Can anyone give me insight as to why the outlets were out for 24hours? Has anyone else had a similar problem?


----------



## GarethsDad (Apr 4, 2007)

My outside outlet is run through the gfci in the bathroom. Perhaps someone pushed in the reset? James


----------



## Scott C (Oct 16, 2008)

Thats probably not it in my case. The Bathroom and the outlet in question are on opposite sides of the camper.


----------



## Steelhead (Nov 14, 2005)

If it isn't a GFI thats tripped, my guess would be a loose connection on the receptacle itself. I would pull the outlets out and check the wires for tightness. One could be loose someplace and just making intermittent contact. Hope this will help.

Dallas


----------



## puffer (Aug 28, 2008)

Scott C said:


> Thats probably not it in my case. The Bathroom and the outlet in question are on opposite sides of the camper.


Beleive it or not they may be on the same circut. My Bathroom,kitchen and outside outlet are all on the same Gfi.Dont ask how i found this out.


----------



## CamperAndy (Aug 26, 2004)

Scott C said:


> Thats probably not it in my case. The Bathroom and the outlet in question are on opposite sides of the camper.

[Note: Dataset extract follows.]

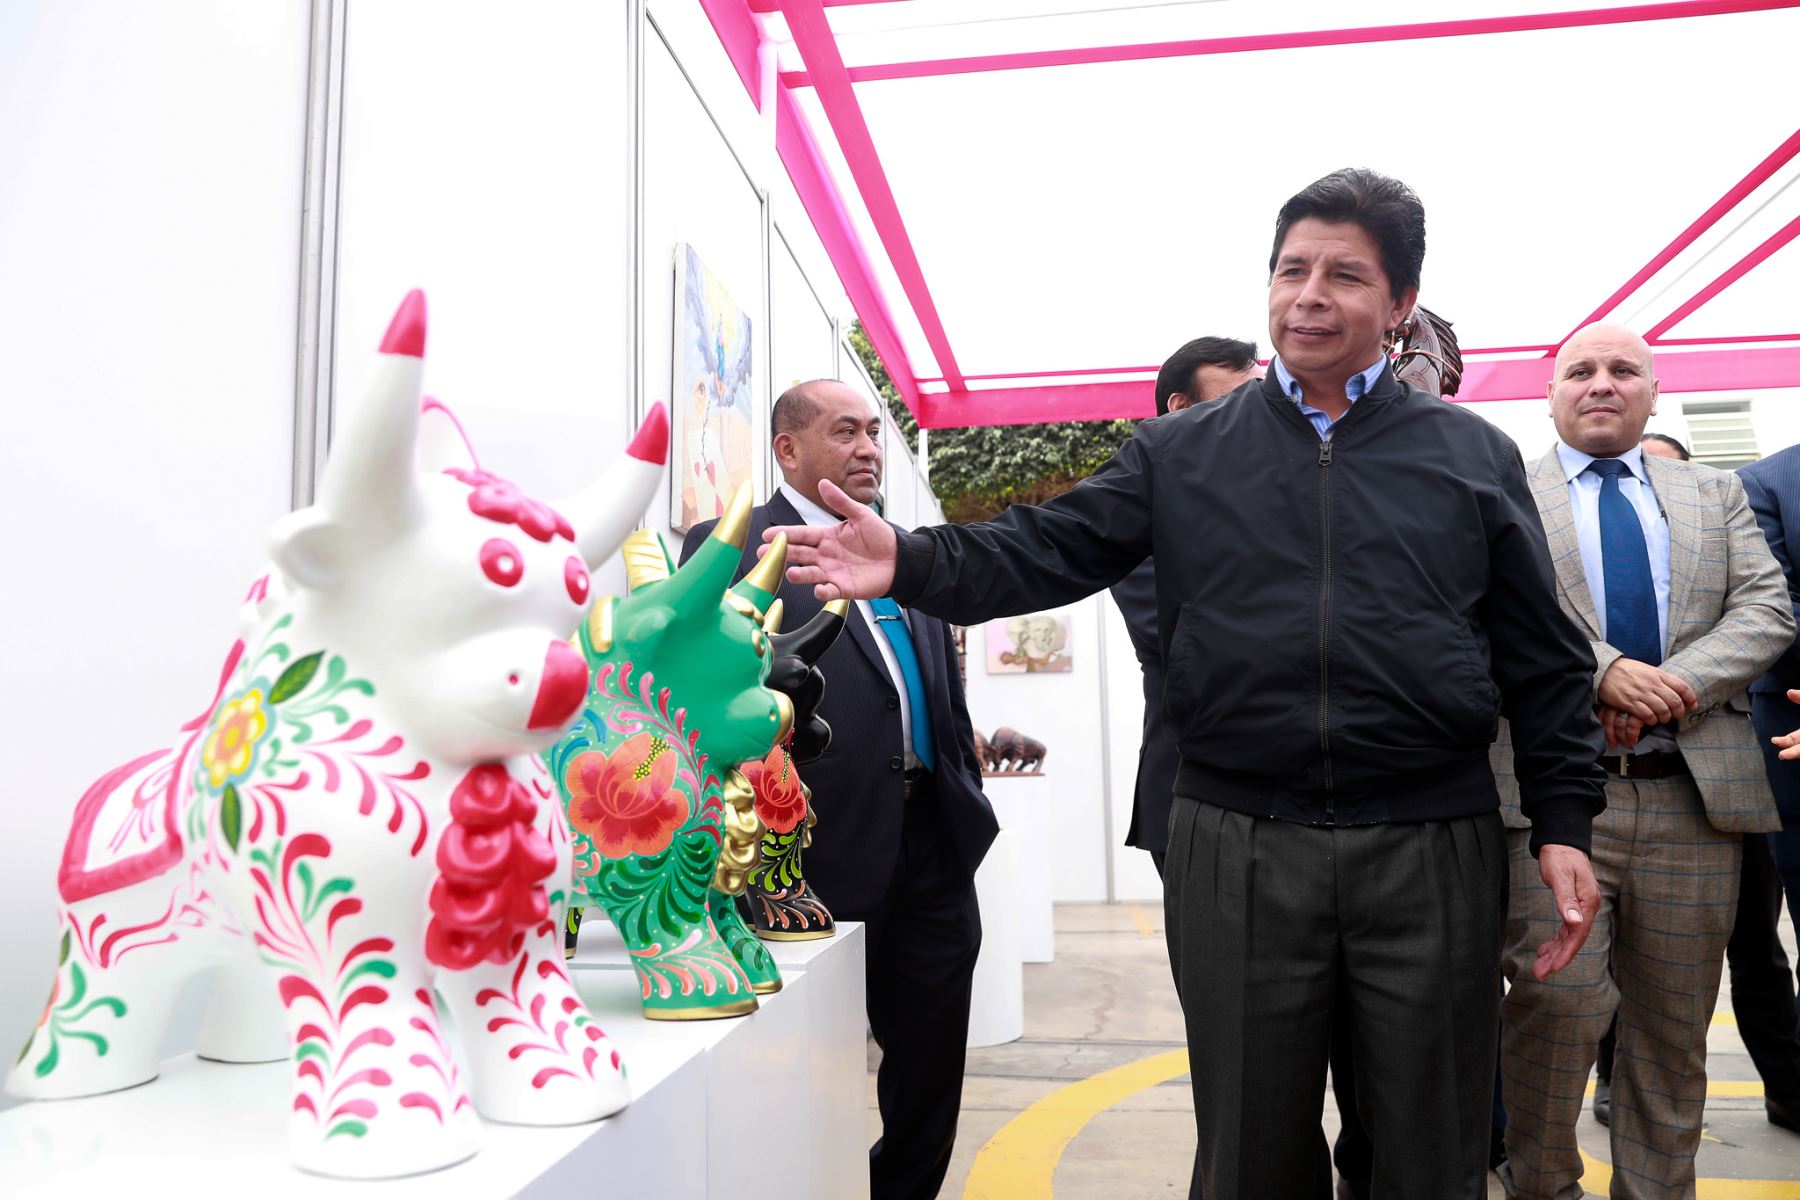 Presidente Pedro Castillo Terrones junto al ministro de justicia, Félix Chero,  visitan la exposición artística "Cárceles productivas para el mundo" en la sede del Ministerio de Justicia y Derechos Humanos del Perú, en Miraflores.
Foto: ANDINA/Presidencia Perú

It doesn't matter how far apart they are. They GFI is in the bathroom and it is tied to the kitchen outlets and the outside outlet. They can also be tied to outers but not always.


----------



## Rubrhammer (Nov 27, 2006)

The outside outlet has to be on the GFIC. Here is what the rv wiring looks like on the back side of the recepticle. its a wonder they all don't burn up. No screws just blades that slice the insulation.
Bob









http://i282.photobucket.com/albums/kk244/r...pg?t=1245019003


----------



## Scott C (Oct 16, 2008)

Thanks for all the input. The GFCI will be the first thing I check if the outlets decide to not work when camping the 4th weekend. It is very possible that one of my little ones pushed the test button.


----------



## roo camper (Sep 17, 2008)

you might want to check the bathroom faucet connections, one was loose and leaking slightly running over the edge of the counter top causing the GFI to trip causing me to scatch my head.


----------